Had to investigate a problem where monit (a small but powerful daemon to check processes) had restarted the process of an application server.
The application server itself serves a web application and listens on port 8088. The monit check looks like this:
check process application matching "/srv/application/deploy/bin/application"
start program = "/etc/init.d/application start"
stop program = "/etc/init.d/application stop"

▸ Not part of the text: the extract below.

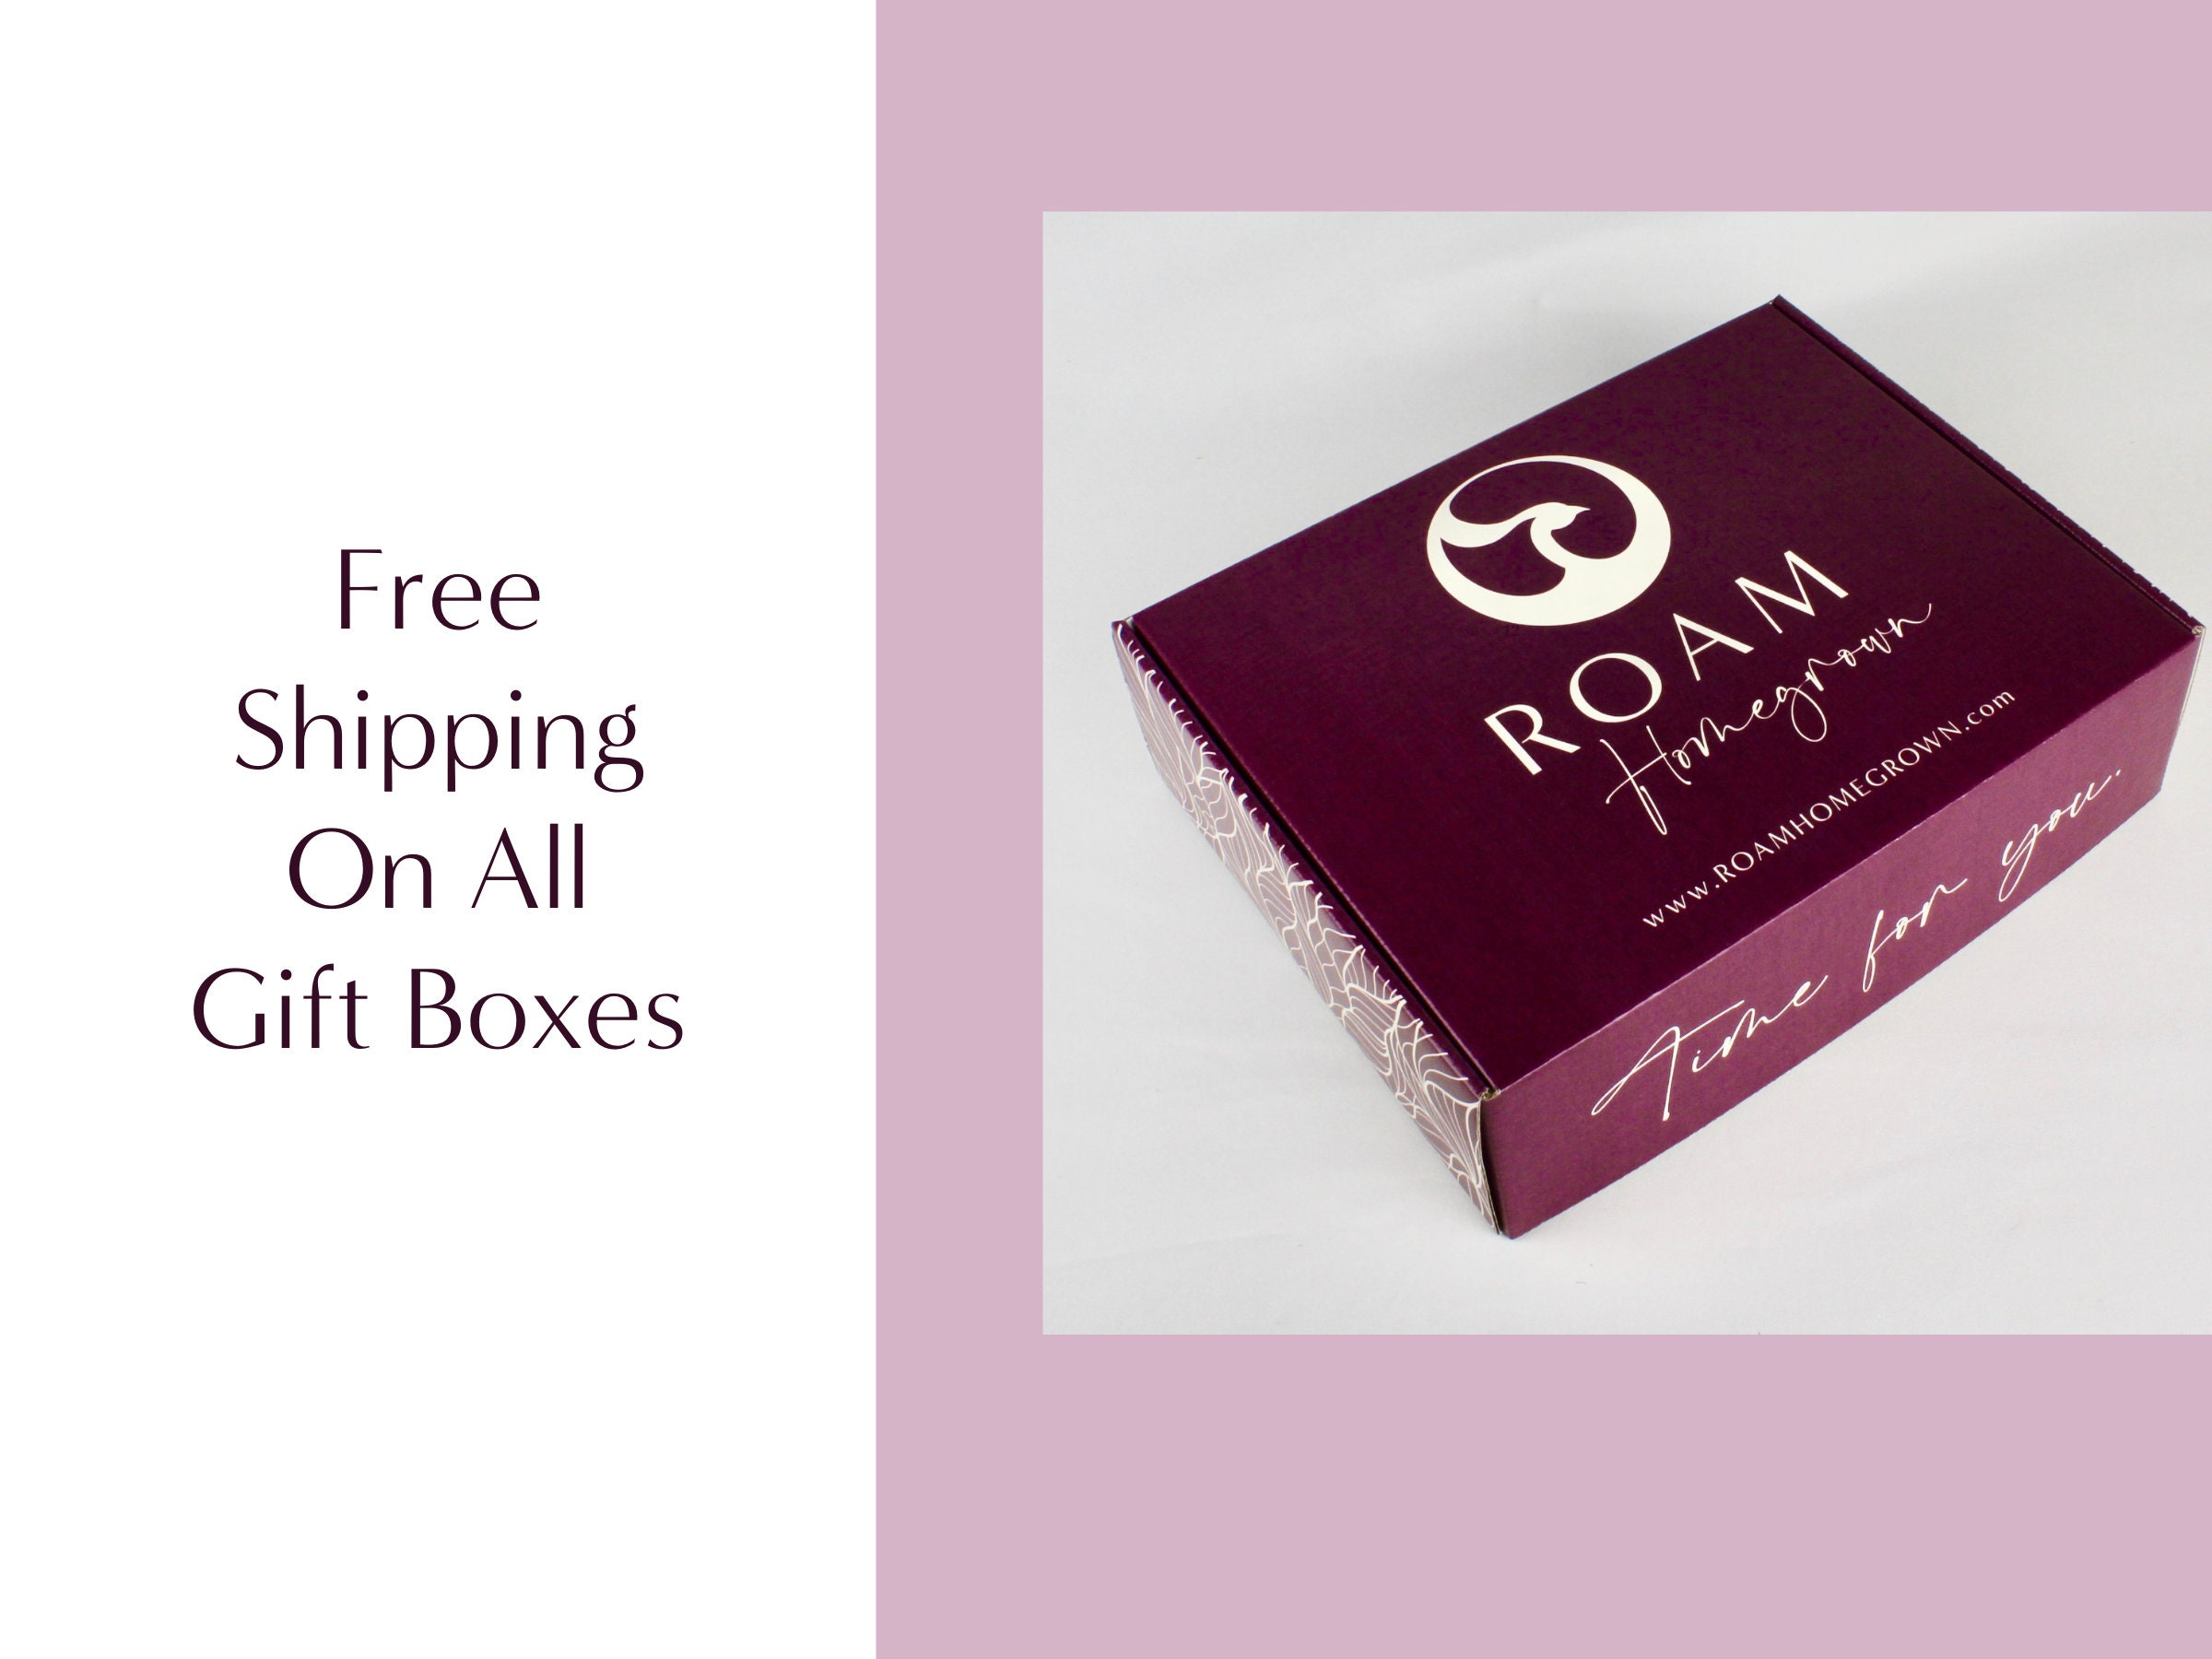 Personalized party box in bulk 8x8x4 Happy birthday gift box giftbox perfect gift box for birthday presents make someone feel happy

if failed host 127.0.0.1 port 8088 protocol http then restart
if 5 restarts within 5 cycles then timeout
In the monit logs (/var/log/monit.log) the restart can clearly be seen:
[CEST Oct 5 20:26:49] error : 'application' failed protocol test [HTTP] at INET[127.0.0.1:8088] via TCP -- HTTP: Error receiving data -- Resource temporarily unavailable
[CEST Oct 5 20:26:49] info : 'application' trying to restart
[CEST Oct 5 20:26:49] info : 'application' stop: /etc/init.d/application
I also checked our Icinga monitoring if it did see the same problem. But no, Icinga's HTTP check worked. Then I double-checked with previous monit restarting actions. In the past, when the http request on port 8088 was not reachable, monit logged the following line:
error : 'application' failed, cannot open a connection to INET[127.0.0.1:8088] via TCP
But in this case the logged event clearly says:
'application' failed protocol test [HTTP] at INET[127.0.0.1:8088] via TCP -- HTTP: Error receiving data -- Resource temporarily unavailable
The difference is therefore clearly on layer 7. The port was up - but inside the http protocol something was wrong. The message "resource temporarily unavailable" sounded somewhat familiar to me. I manage a lot of reverse proxies and whenever the upstream/backend server is gone, a 50x error is shown with a similar message. I asked the developer of this application if the application serves a 5xx. Turns out - almost; A backend resource of the application was not available in that very moment and the application, by its design, started to respond with http status 423 (Locked). I checked the monit documentation and indeed found a very important information:
STATUS option can be used to explicitly test the HTTP status code returned by the HTTP server. If not used, the HTTP protocol test will fail if the status code returned is greater than or equal to 400. You can override this behaviour by using the status qualifier.
Here we go. monit expects by default a http status of =< 400. As soon as the application returned a 423, monit considered the application failed and restarted it.
To solve this problem, a specially crafted application URL will from now on be requested (by using the "request" option in the monit check) which always returns a http status 200 as long as the application itself is running.